Around Nicola Pisano and a small pyrite head belonging to the Kircherian Museum

SERIES: Messi in Luce (Brought to light). Paintings and Sculptures from Palazzo Venezia
SPEAKER: Laura Cavazzini
DATE: Thursday 27 October, 6 p.m.
PLACE: Sala del Refettorio

The Palazzo Venezia Museum holds a curious object in its collections: the head of a veiled young woman, which could fit in the palm of a hand, sculpted in a rare material, pyrite, typical of the Maremma and the island of Elba. The peculiarity of the material explains its provenance from the museum set up in the 17th century at the Collegio Romano by the Jesuit Athanasius Kircher, a veritable Wunderkammer, or Chamber of Wonders, where the most interesting and curious products of nature and art were kept and displayed.
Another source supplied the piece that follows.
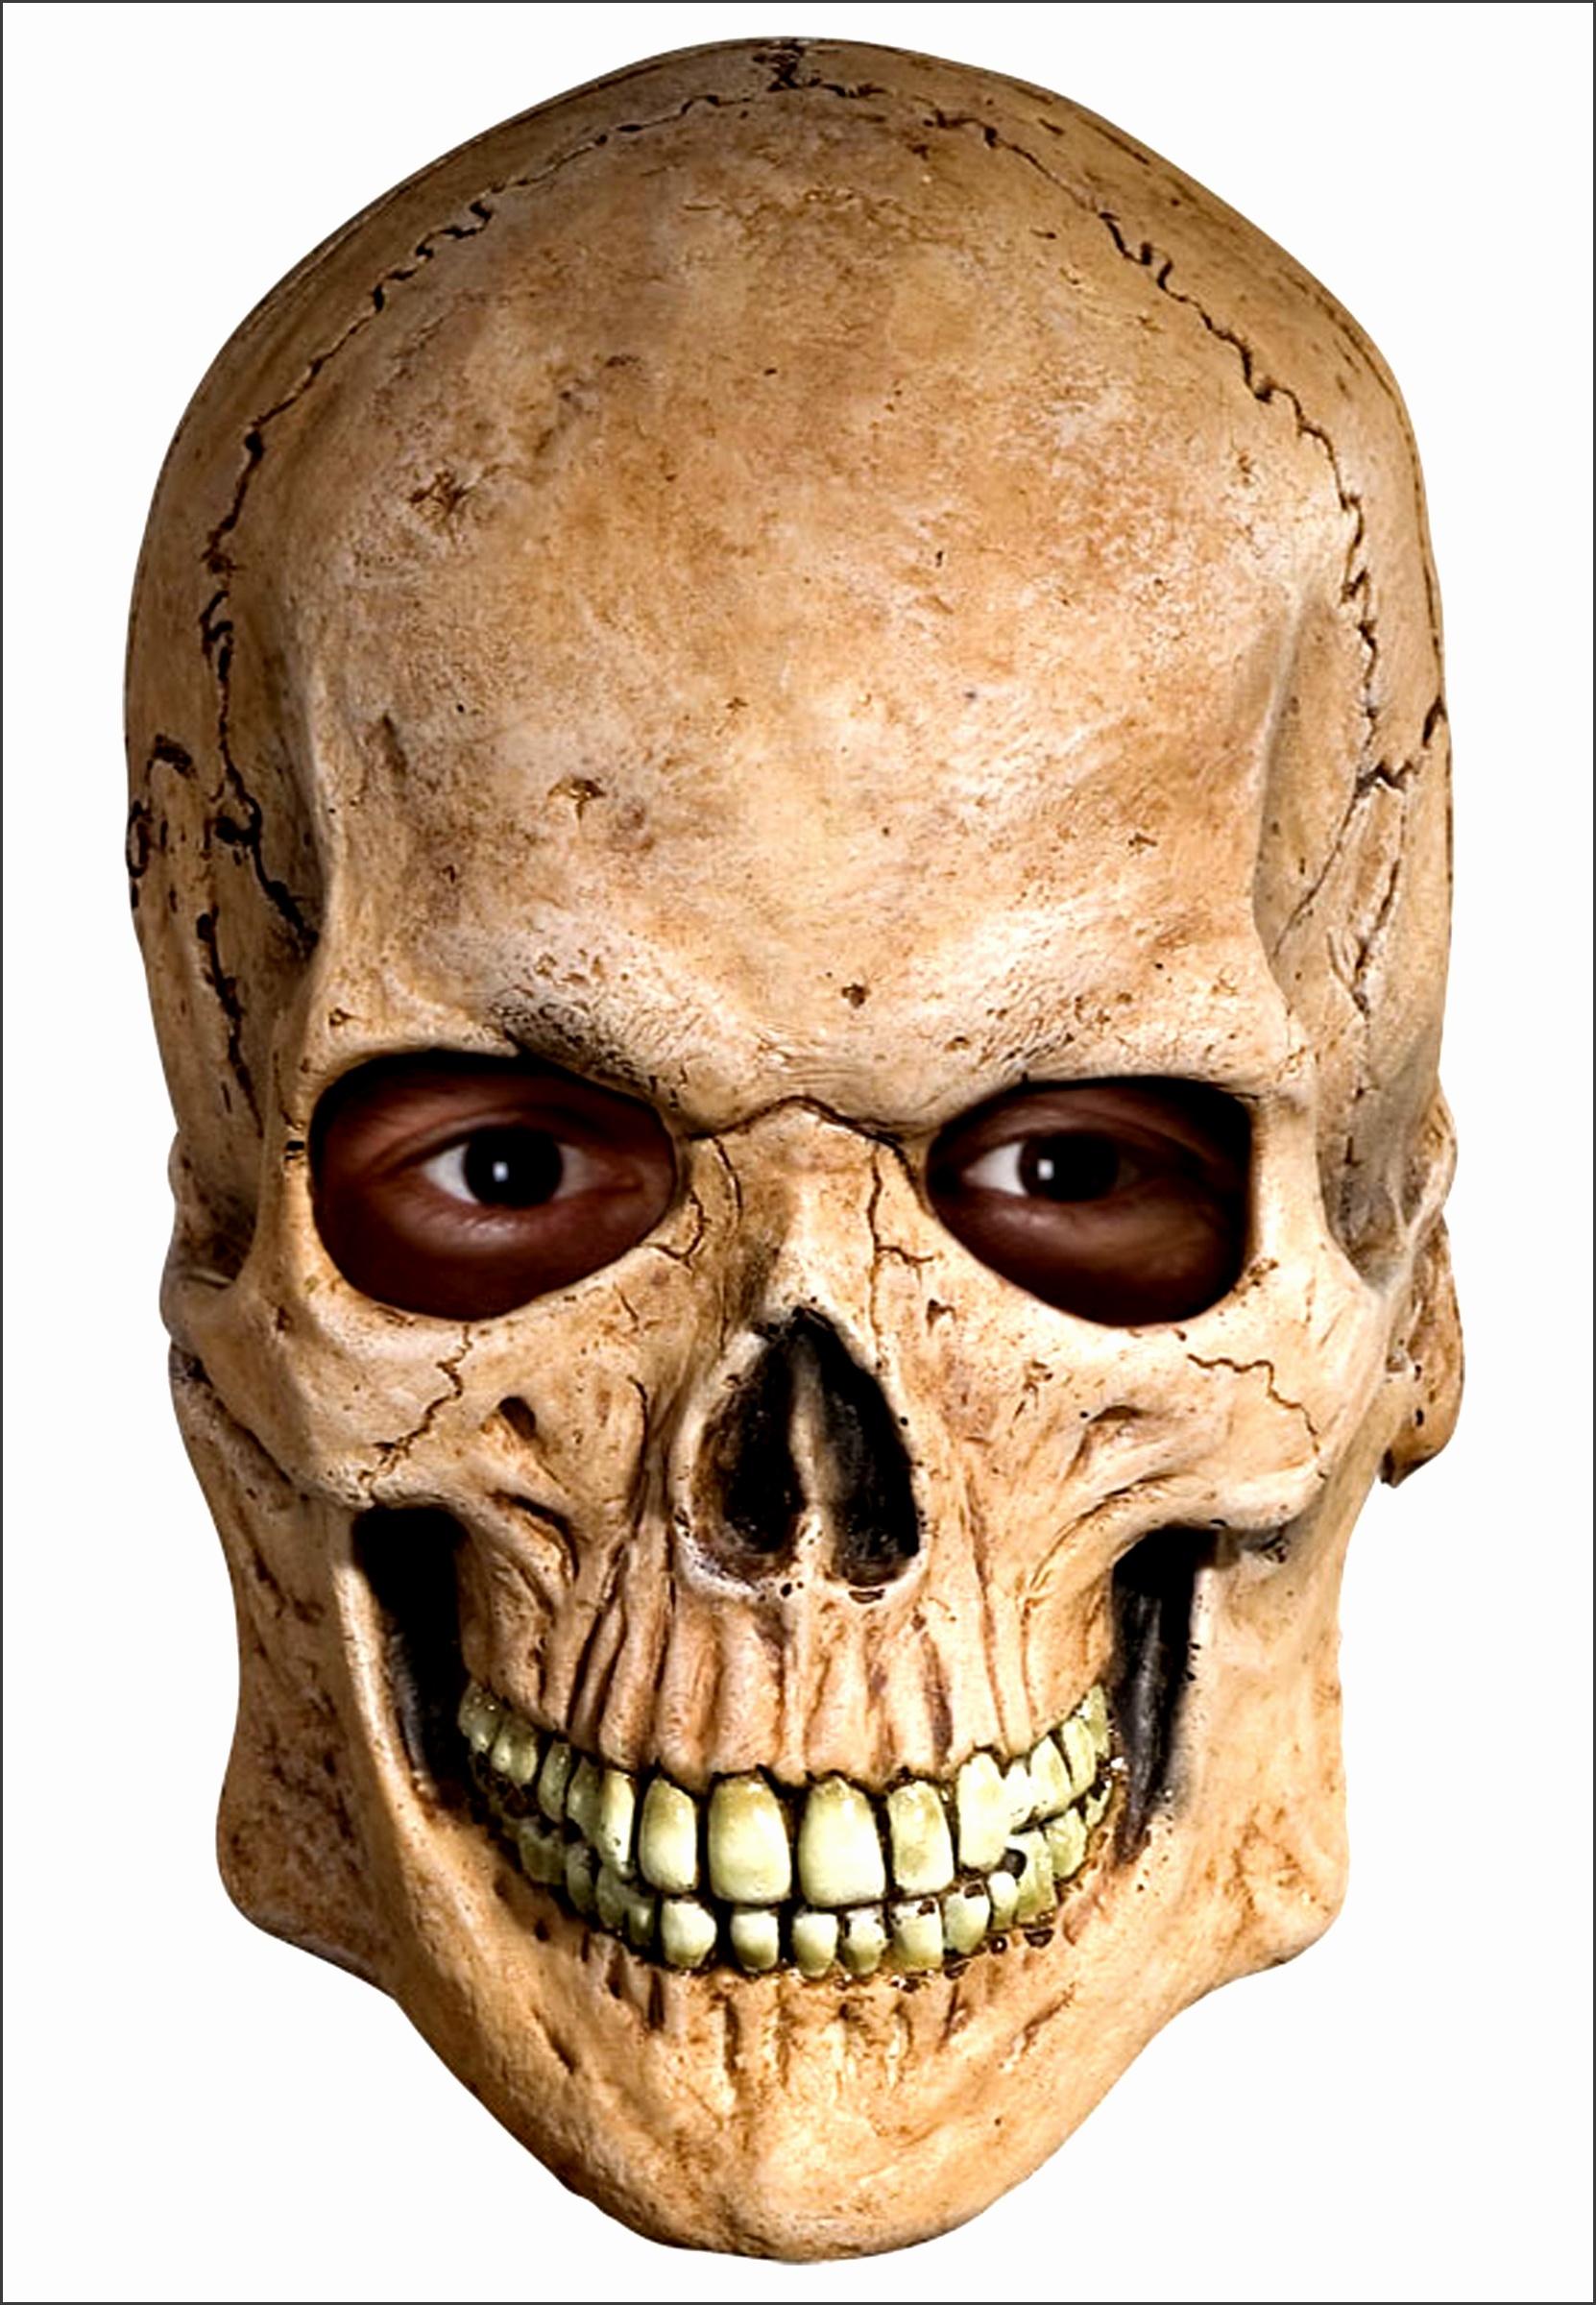 Full Size of Halloween Latex Skull Mask Extraordinary Halloween Image Ideas Templates For Maskshalloween Masks
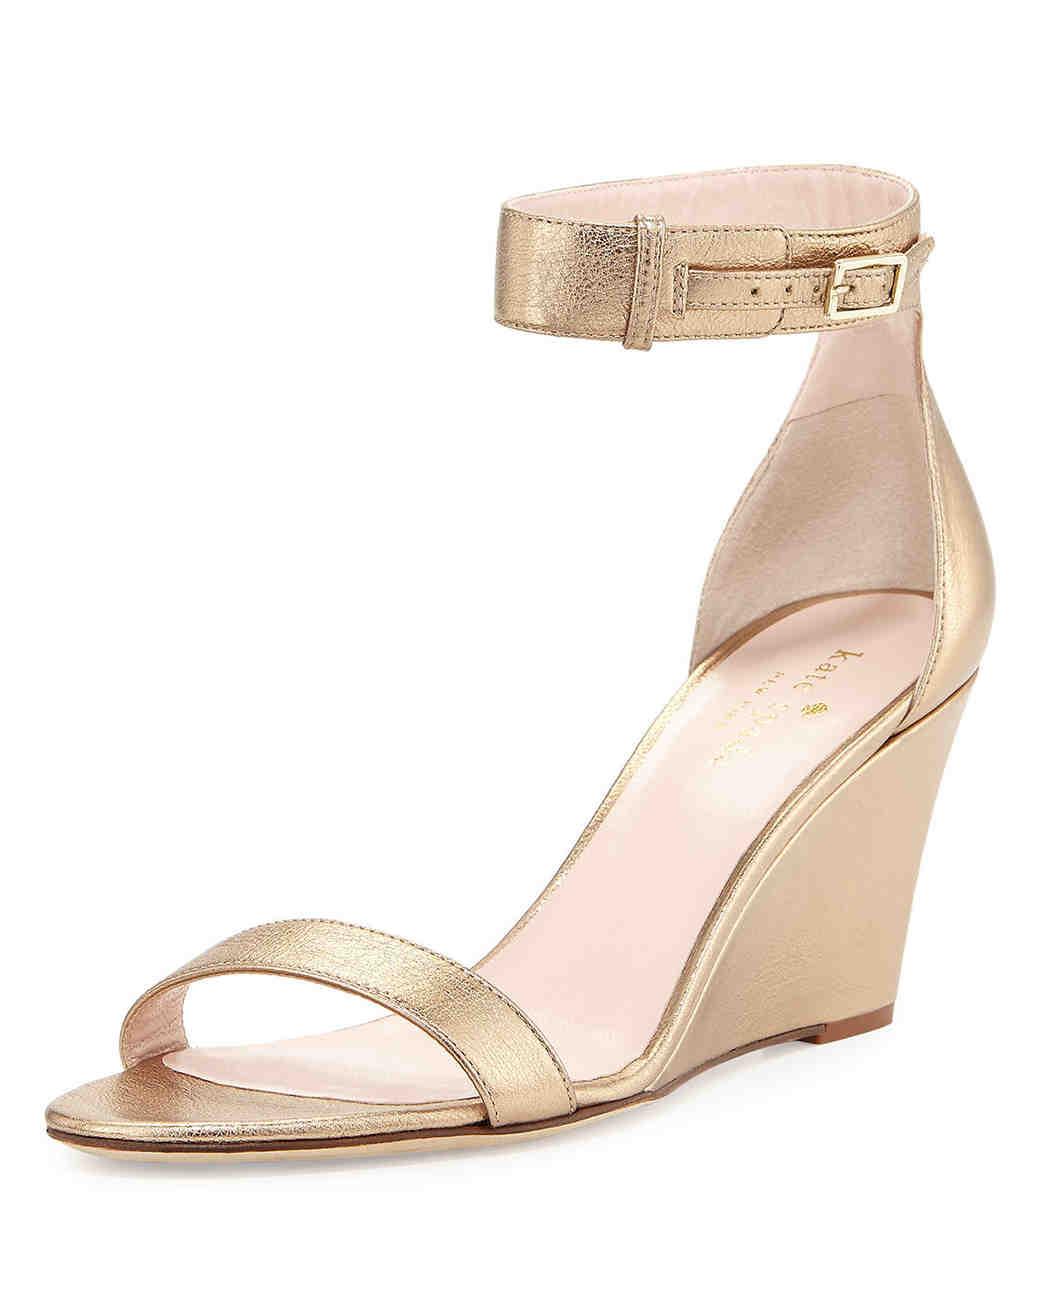 Kate Spade New York Ronia naked wedge sandal

The fragment, of significant naturalness, has been referred to Nicola Pisano, the patriarch of Italian Gothic sculpture. The lecture will address the problem of this attribution, retracing the work of the great master, attempting to focus on its cultural roots and position in the history of European art.

Biography

A professor of Medieval Art History at the University of Trento, her research focuses mainly on Tuscan and Po Valley Gothic sculpture, international Gothic art, the Tuscan and Northern Renaissance, and the fortunes of Medieval art in the Modern Age. On these subjects she has published books (Il crepuscolo della scultura medievale in Lombardia, 2004, Donatello, 2005) and numerous articles, contributing to exhibitions (Il fratello di Masaccio, Giovanni di Ser Giovanni detto lo Scheggia, 1999; Masaccio e le origini del Rinascimento, 2002; Il Gotico nelle Alpi a Trento, 2002; Mantegna, 2008; Da Jacopo della Quercia a Donatello. Le arti a Siena nel primo Rinascimento, 2010; Arte lombarda dai Visconti agli Sforza. Milano al centro dell'Europa, 2015; Donatello, il Rinascimento 2022), conferences and study seminars. Since 2021 she has been the national manager (with Paola Vitolo and Clario Di Fabio) of the FISR project MemId (Memory and Identity), on the reuse of medieval sculpture in the modern age.